Taman Bukit Bayu residents are seeking confirmation on whether a plot of land near Bukit Bayu at Section U10 in Shah Alam is owned by the Selangor state government or a private property developer, reported The Star.
This is because there are now two signboards claiming ownership over a piece of land at the entrance of Bukit Cerakah Forest Reserve trail next to Bukit Bayu. The state authorities installed theirs last June after residents alerts them about land clearing in the area, while that from the developer was only put up recently.
“The state government put up its signboard after we had a press conference with Kota Anggerik Assemblyman Najwan Halimi. We thought it was the end of that issue until activity began at the site a week ago,” said resident Nazri Elias.

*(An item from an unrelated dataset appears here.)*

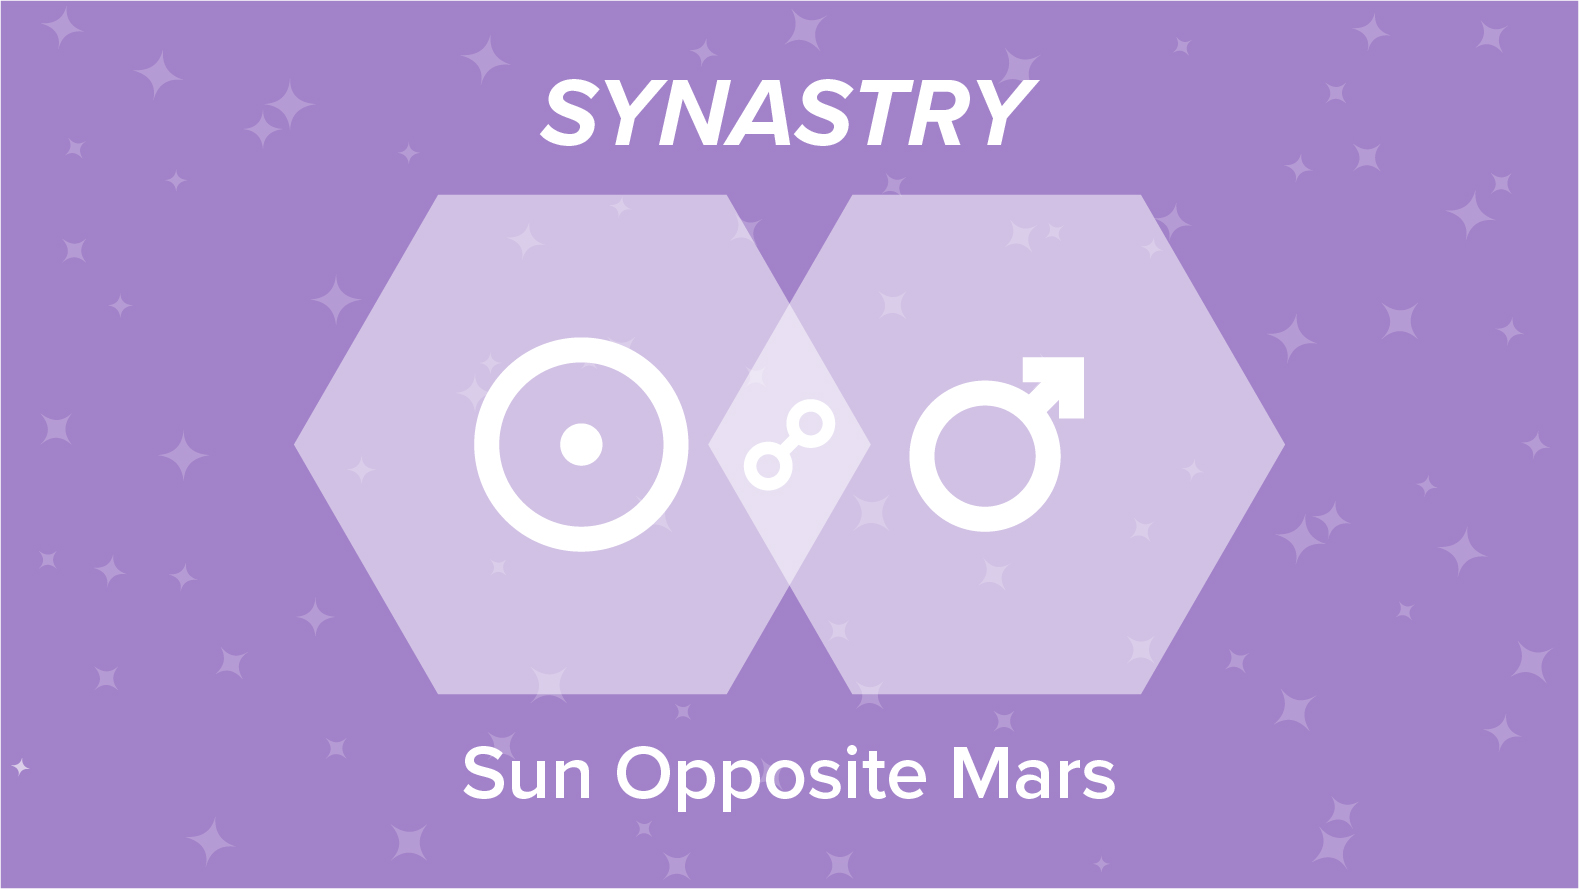 Sun Opposite Mars Synastry: Relationships and Friendships Explained

At the same time, the property developer installed an information board on the site, indicating the name of the firms undertaking the project. They also put up fences to prevent people from accessing the forest area, which is frequented by hikers and nature enthusiasts.
Consequently, residents of Taman Bukit Bayu fear that the forest would be destroyed, while the animals living there could lose their home.
“This area borders the Bukit Cerakah Forest Reserve and the animals roam free here. Many enter the residential areas, too,” noted Nazri.
According to Pertubuhan Pelindung Khazanah Alam Malaysia (Peka) Selangor Chairman Damien Thanam, the forest is the habitat of several protected species, like tapirs, gibbons and Dusky Leaf monkey. Aside from that, the flora and trees mitigate flooding.
“We need to look at the long-term impact caused by development. The place is popular with families and a good educational spot. It should be preserved,” he insisted.
Nazri said they are worried over the fast pace of construction work at the site. They also asked if the developer has carried out a recent environmental impact assessment (EIA), as the last one in the area was conducted in 2005.
Damien and Nazri revealed the aforementioned information during a site visit and press conference with Najwan, Shah Alam Councillor Ghandimathi Suppiah and staff from the office of Shah Alam MP Khalid Samad.
After confirming with local authorities, Najwan elucidated that the land is privately owned. However, it’s not yet known if the owner had forked out a premium payment.
“If the premium has not been paid, the government has every right to confiscate the land. The residents want to know if the law has been adhered to and whether they have encroached on government land,” he explained.
Furthermore, Ghandhimathi revealed that the property developer had secured the needed permits from Shah Alam City Council’s Planning and Engineering departments.
“I will check on the processes that were done to obtain the approvals,” she said, adding that Shah Alam authorities want to strike a balance between development and protecting the environment.